A vestimenta dos iam dista muito do que usadas há centenas de anos e, hoje em dia, vestem-se com simples roupas ocidentais e levam relógios, deixando as mulheres que mantenham algo mais a tradição. Elas vestem o tradicional batik sarong, vestuário de tecidos coloridos e que se encaixam por cima do peito. Algumas delas, as mais velhas e, dependendo do povoado, levam o batik, a modo de saia, deixando o peito a descoberto. Os adornos corporais em mulheres brilham por sua ausência, salvo em ocasiões importantes ou quando executadas ao turista das danças tradicionais.

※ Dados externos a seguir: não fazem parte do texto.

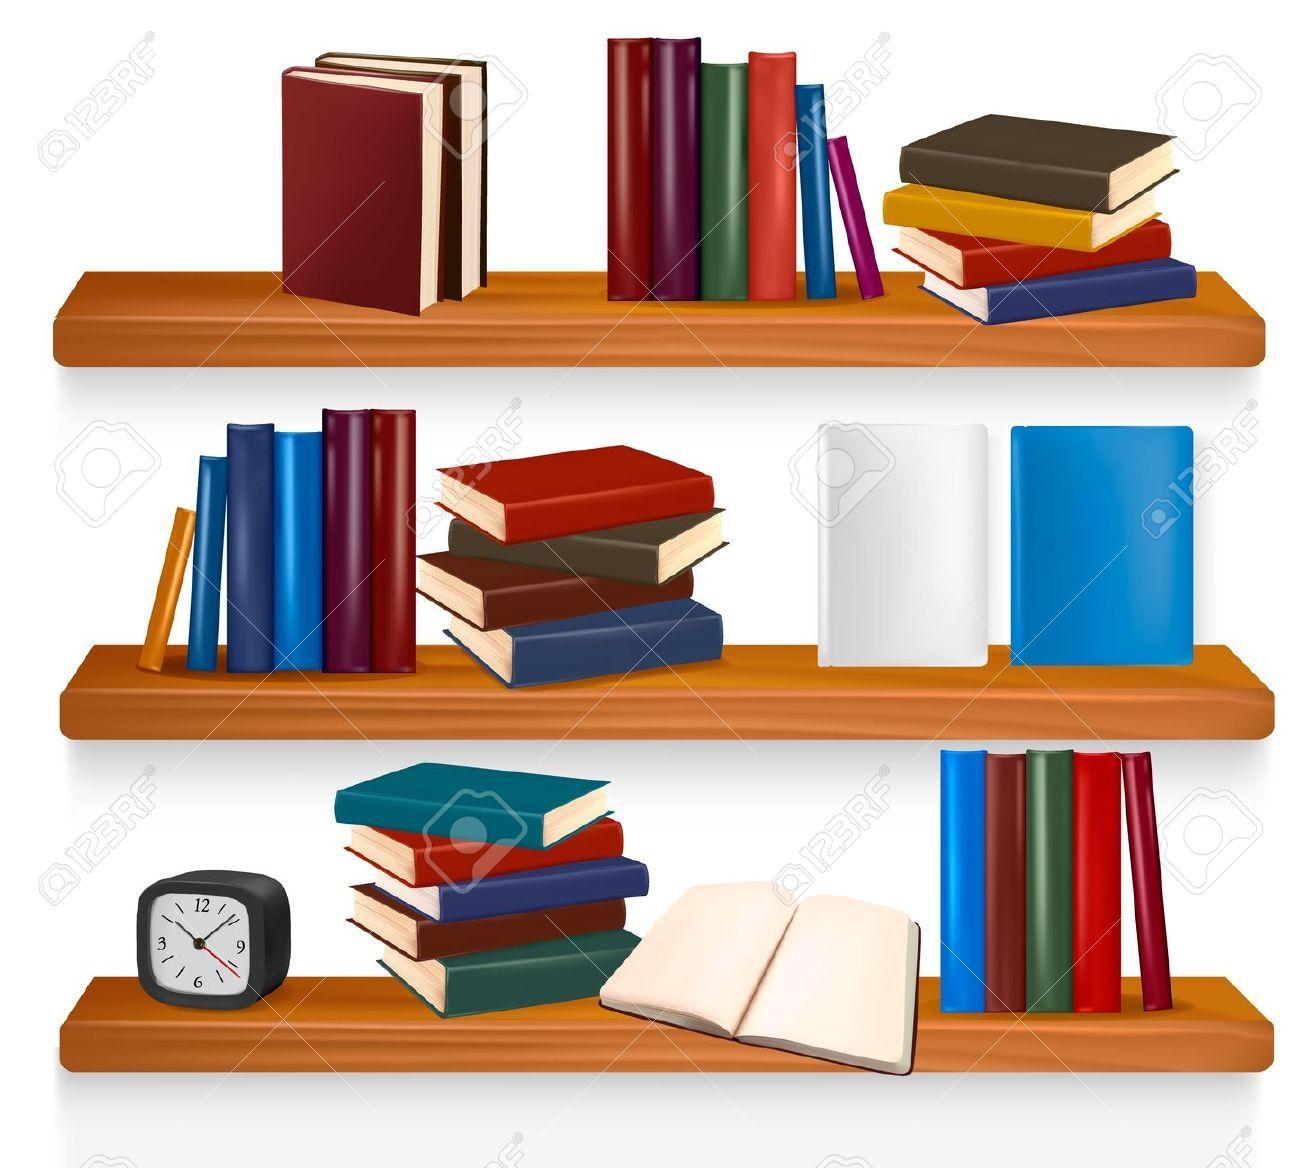 Book clipart self. Shelf clipground classroom clip
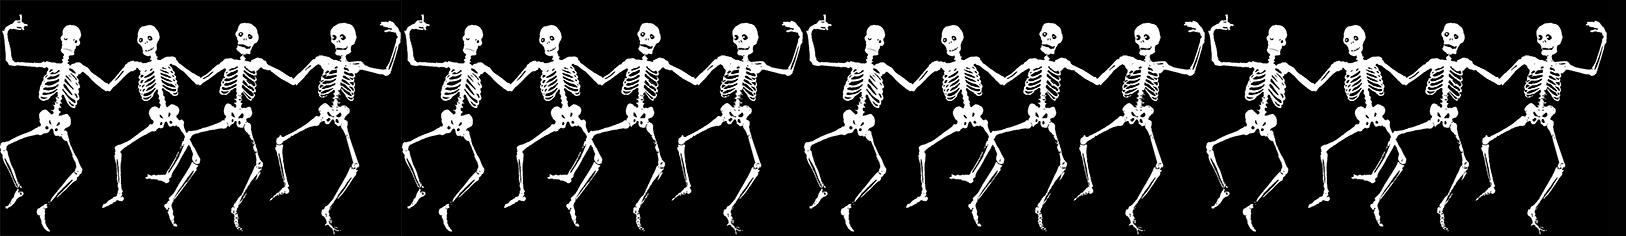 Halloween border with dancing skeletons

A economia iam se baseia no cultivo do arroz, a colheita de pimenta, a borracha, a pesca e a caça e a cada dia mais o turismo, que traz para a economia iam cerca de importantes receitas ( há cerca de 15 anos que começaram a receber turistas). Os homens vão trabalhar para os campos muito cedo e voltam antes que atardezca. Para cultivar o arroz devastam uma zona de mata e queimada para depois plantar o alimento básico para estas pessoas, e é que seja arroz na Ásia é mais do que dizer pão em qualquer outra parte do mundo. Pimenta, cuja coleta, extração e secagem são responsáveis os homens, planta-se nas colinas para que a água não é estanque, e dê a perder a planta, que é muito aromática e famosa em todo o mundo. As pimenteras são plantadas e vão apertando em cerca de varas como se fossem ivy até produzir cachos de umas bolinhas verdes de pimenta que, mais tarde, secar ao sol e vendidos nos mercados mais próximos. Quanto à caça, a tradicional maçarico deixou a carabina.
Enquanto o homem está na roça ou no rio, as mulheres ficam na longhouse fazendo o seu trabalho, as crianças brincam, as velhas tecem os cestos e os mais velhos fazem vida contemplativa. Quando chega a tarde é a hora de socializar, e o ruai ou área comum é preenchido com a maioria dos membros da tribo, os homens bebem tuak, o licor de arroz elaborado por eles mesmos, de forma quase compulsiva aviso bridis sonoro. É claro que os convidados também são convidados a beber tuak e whisky de arroz ( ainda mais forte), o principal passatempo dos homens jovens da tribo, que passados uns drinks são deshiniben e perdem a timidez perguntando, rindo e querendo saber mais o visitante.
Ao redor da casa comunal estava têm o grande supermercado da selva, com uma infinidade de plantas aromáticas e tropicais que usam tanto para cozinhar como para o seu bem-estar pessoal: lemongrass, mamão, abacaxi, pimentão, pimentas recheadas, judias, plantas medicinais…. A cozinha iam é baseada no arroz, os legumes, o frango e um pouco de peixe, sendo o prato estrela da gastronomia iam arroz e frango dentro de uma cana de bambu cozido ao fogo em uma fogueira. Uma delícia. Para petiscar adoram o tofú frito, que vem com um molho de soja, de forte sabor.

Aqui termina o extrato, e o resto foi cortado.